If he had confined himself to a temperate and dignified vindication of the proceedings of the House of Lords (that is, of his own), and had abstained from any attack on the Government, and especially from any language reflecting on the Commons, perhaps it would have been a wise measure, but it cannot be wise to widen the differences which already exist between the two Houses, and to render all the animosities of public men more bitter and irreconcilable than they were before. The Tories are convinced that they are becoming more and more popular, and that the country approves of the daring behaviour of the Lords. The Whigs insist that the apathy of the country (which they mistake for approbation) is nothing but the imperturbability resulting from prosperity and full employment, but that if adverse circumstances arise a storm will burst on the Lords, and they will see how miserably deceived they are. I think the Lords have gone too far, and though a vast deal of crude legislation comes up from the Commons, requiring much supervision, and often great alteration, they have shown an animus and adopted a practice quite foreign to the usual habits of the House of Lords, and which is in itself an important innovation. The truth is, it is not (as has been represented) a contest between the two Houses, but between the two great parties very nearly balanced, of which the stronghold of one is in the Lords, and that of the other in the Commons. It can scarcely cross the minds of either party, or of any individual of either, that the substantive power of Government can or ought to be transferred from the House of Commons to the House of Lords, and Lyndhurst and the Tories would not venture to make the havoc which they do in the Government Bills if they were not persuaded that if ever a crisis is produced by the collision their party will succeed in obtaining the sanction of the country and an ascendency in the other House. If they have estimated correctly their own strength and the real disposition of the country, their Parliamentary tactics have been skilful, but the game which they play is a very desperate one, for if it fails the House of Lords can hardly avoid suffering very materially from the conflict. However, much is to be said on the subject when considered in all its bearings.

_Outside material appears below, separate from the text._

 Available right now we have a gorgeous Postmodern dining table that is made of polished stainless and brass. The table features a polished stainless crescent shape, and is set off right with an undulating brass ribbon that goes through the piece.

The King at his last levee received Dr. Allen to do homage for the see of Ely, when he said to him, 'My Lord, I do not mean to interfere in any way with your vote in Parliament except on one subject, the Jews , and I trust I may depend on your always voting against them.'

August 30th, 1836 {p.363}

[Page Head: MARRIAGE OF LADY AUGUSTA FITZCLARENCE.]

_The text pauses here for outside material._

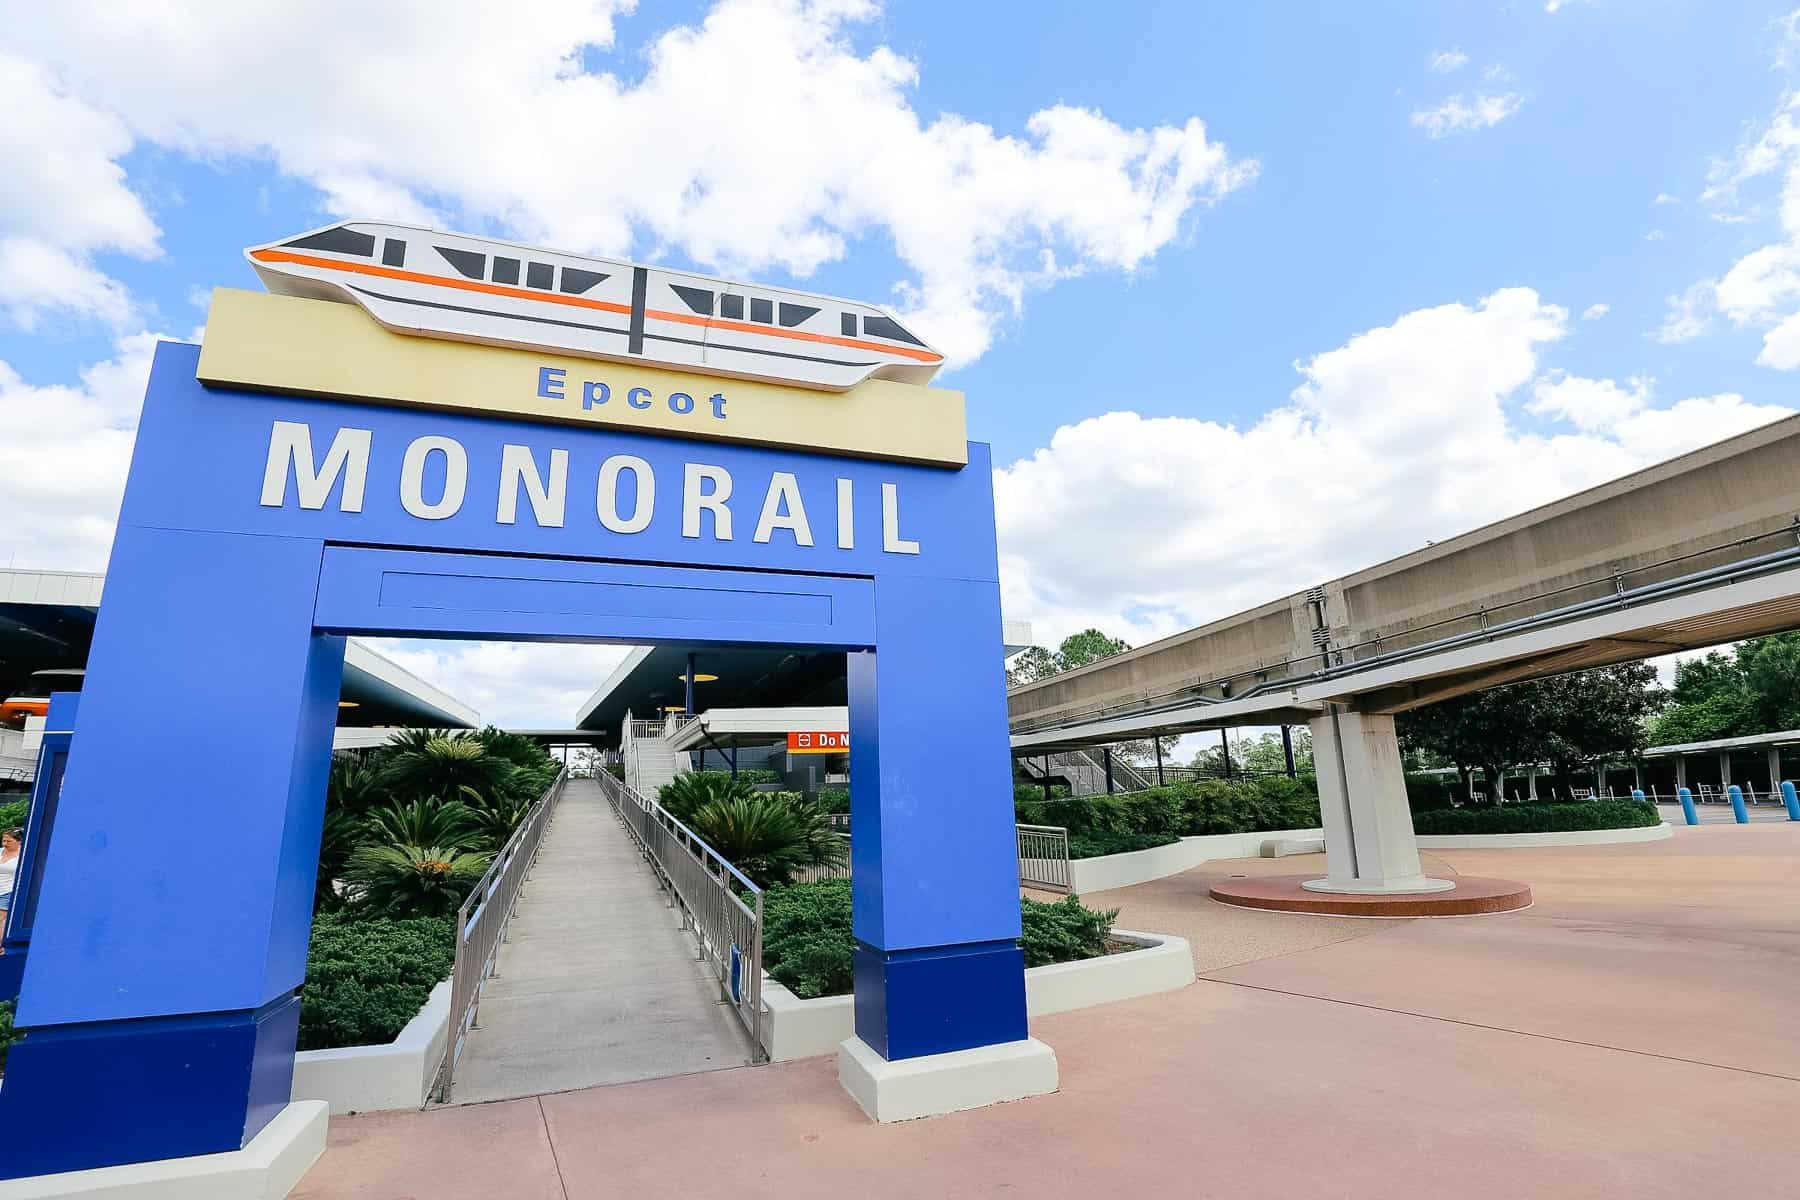 walkway up to the monorail at the Transportation and Ticket Center

At Hillingdon from Saturday to Monday. There were great festivities at Windsor during the Egham race week, when the King's daughter Lady Augusta was married at the Castle[6]. It was remarked that on the King's birthday not one of the Ministers was invited to the Castle, and none except the Household in any way connected with the Government. At the Queen's birthday a short time before not one individual of that party was present. Nothing can be more undisguised than the King's aversion to his Ministers, and he seems resolved to intimate that his compulsory reception of them shall not extend to his society, and that though he can't help seeing them at St. James's, the gates of Windsor are shut against them. All his habitual guests are of the Tory party, and generally those who have distinguished themselves by their violence or are noted for their extreme opinions—Winchilsea and Wharncliffe, for example, of the former, and the Duke of Dorset of the latter sort. At the dinner on his birthday the King gave the Princess Victoria's health rather well. Having given the Princess Augusta's he said, 'And now, having given the health of the oldest, I will give that of the youngest member of the Royal Family. I know the interest which the public feel about her, and although I have not seen so much of her as I could have wished, I take no less interest in her, and the more I do see of her, both in public and in private, the greater pleasure it will give me.' The whole thing was so civil and gracious that it could hardly be taken ill, but the young Princess sat opposite, and hung her head with not unnatural modesty at being thus talked of in so large a company.

[6] [Lady Augusta Fitzclarence, fourth daughter of King William IV. by Mrs. Jordan, married first, on the 5th of July, 1827 to the Hon. John Kennedy Erskine, and secondly, on the 26th of August, 1836, to Lord John Frederick Gordon. She died in 1865.]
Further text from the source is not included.